*phone rings*

Me: Hello!

School: Umm… we don’t want you to be alarmed, but we think Meghan has had a seizure.

Me: Okay! What happened? Did she fall? How long? Is she okay now?

School: Yes she’s okay, but she’s a little groggy. She’s in the nurses office. Everyone is concerned and taking care of her. We think she might be having another one.

Me: Go ahead and call 911 I’m on my way! 

I got to the school in time to ride with Meg to the hospital in the ambulance.  The school counselor drove my car to the hospital and stayed with me until family arrived.  It turned out Meg’s medication just needed a little adjustment and she was fine.  We feel lucky that Meg attends a school with very loving staff and I have to say they did everything right!

I knew some day Meg would have a seizure without me present and it was up to me to educate her school on what to do when it happened.   Ironically, the day before Meg’s seizure at school, I’d met with her teachers and school nurses to discuss how to recognize when Meg was having a seizure, medications, allergies and most importantly what to do in the event she had one while at school.  Every year we prepare a packet that’s handed out to the school nurses and all Meg’s teachers.  On the first page we include a picture of Meg, a list of her current medications/doses, a list of her allergies, and mom and dads contact information.  The second page has a first aid list, tailored specifically to Meghan, of things to do in the event a seizure occurs.  The third page is a list of her physicians as well as their contact information.  The final page contains the numbers of family members we trust to be called in the event my husband or I can’t be located.  Fortunately, on this particular day, Meg knew something wasn’t right and went up to her teacher, who recognized some of the signs we’d discussed the day before and immediately took her to the nurses office. 

I should point out that every seizure is different and some seizures have no warning signs at all.  Yet, in other situations people might get an aura (funny smell, feeling of nausea, etc.) that lets them know they’re about to have a seizure.  In Meg’s case her eye’s are usually a tell-tale sign, they flicker like a water spigot, she can’t really look at you and it can progress into a mild rhythmic jerking of part or all of her body.  The seizures she had that day at school were very mild because they were detected early and we were able to adjust her medication pretty quickly.

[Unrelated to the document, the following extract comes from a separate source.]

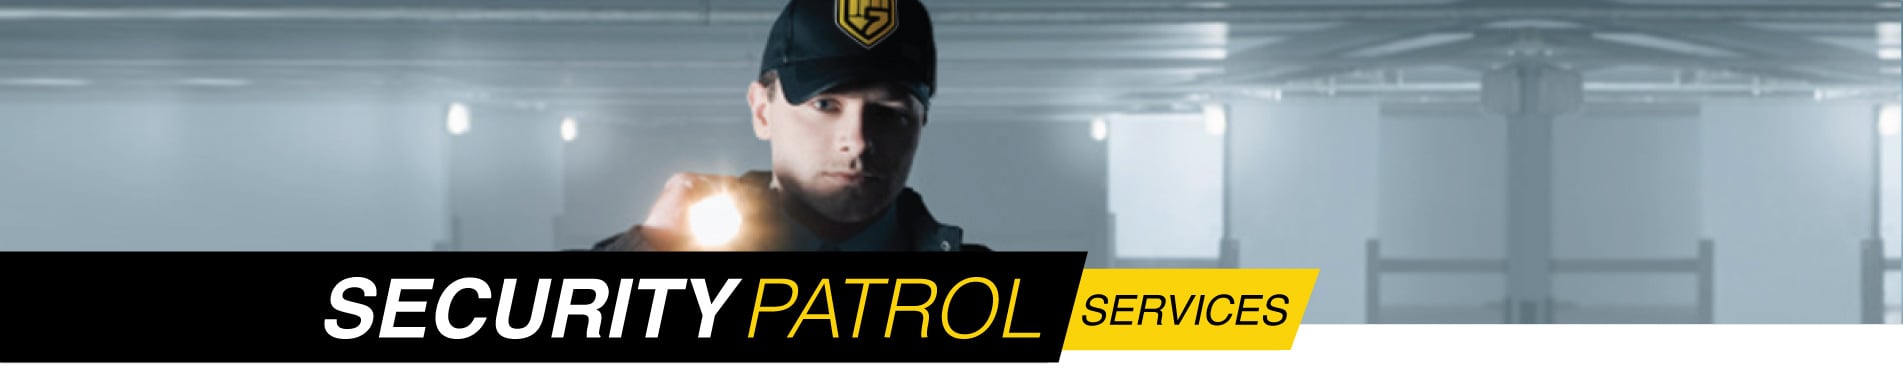 Houston area security patrol services

There are websites like EpilepsyFoundation, Epilepsy Advocate, Talk About It, that provide lots of information for people who have or want to educate themselves on Epilepsy.

There are books to help young children understand Epilepsy like…

So the message here is educate!  Inform people what to do in the event you or your child have a seizure!  Epilepsy is not an obstacle it’s a small hurdle, that with a little compassion, knowledge and love, can be lept over!  So make the pledge… Talk About It!